**What the exercise asks:**
From the listing below, please restate exactly the lines beginning at the one with "Akshata Krishnamurthy Becomes" and ending at the one with "OCI - Connect to compute instance", both included, and skip the pictures.

**Material for the task:**
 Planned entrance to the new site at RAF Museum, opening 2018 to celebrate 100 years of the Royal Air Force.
---
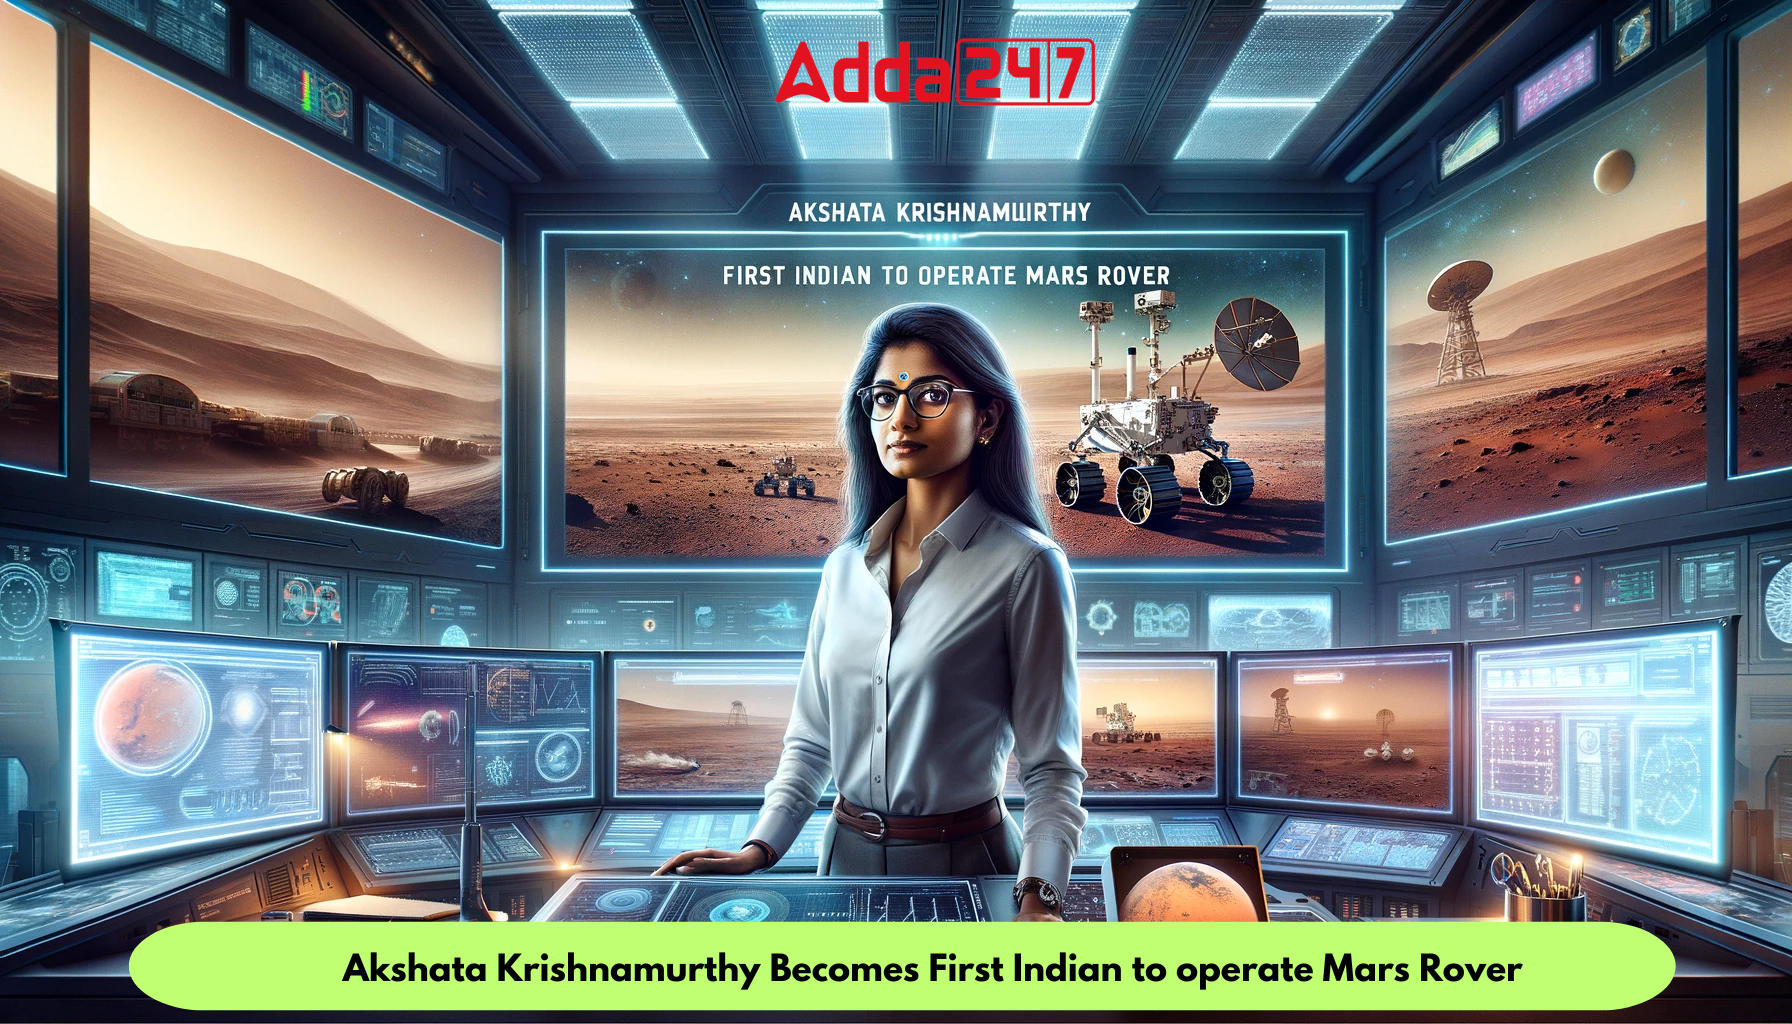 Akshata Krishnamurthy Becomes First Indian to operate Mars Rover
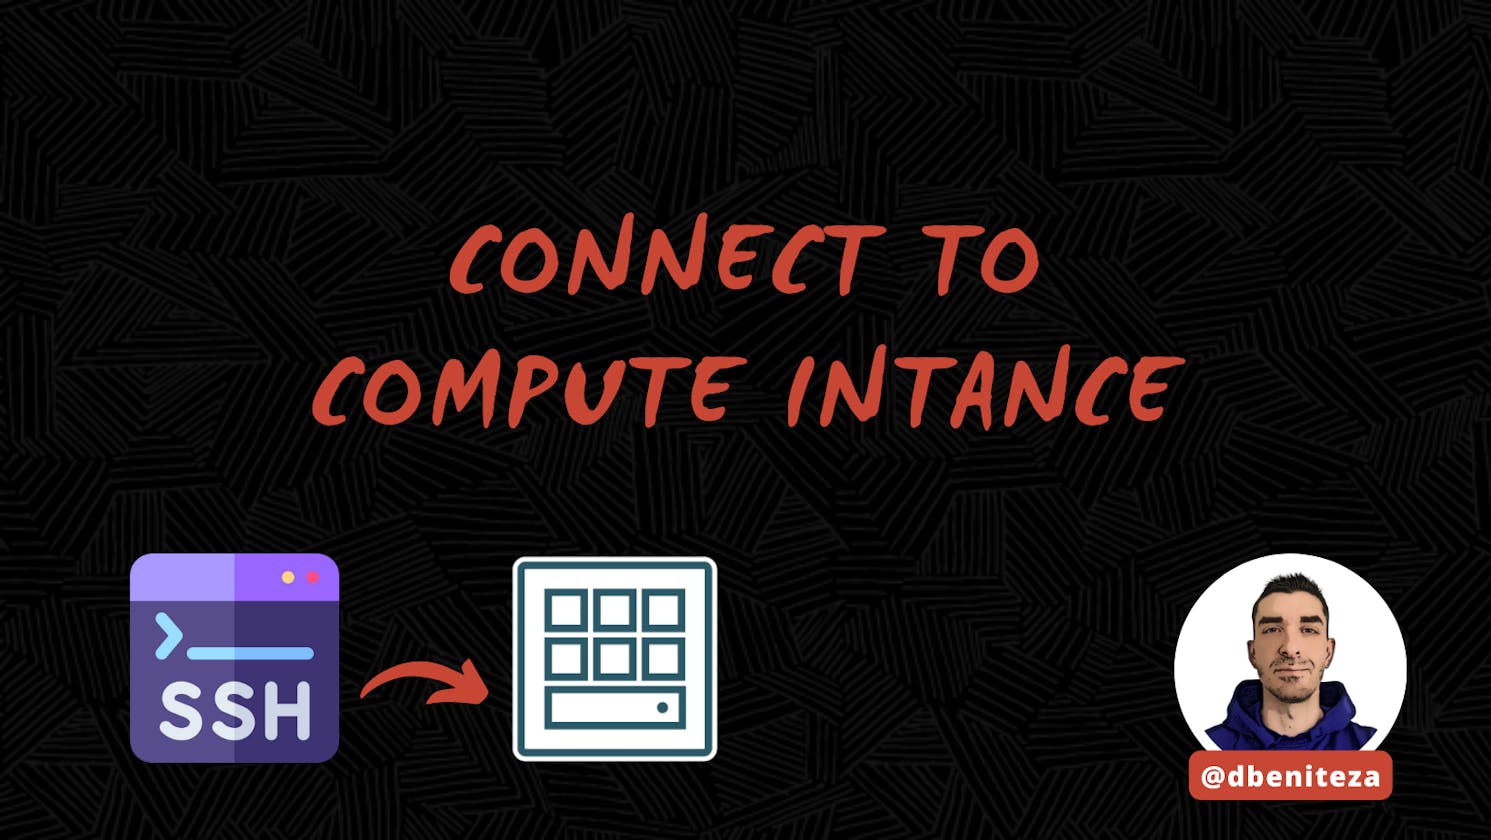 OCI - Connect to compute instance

**Answer box:**
 Akshata Krishnamurthy Becomes First Indian to operate Mars Rover
 OCI - Connect to compute instance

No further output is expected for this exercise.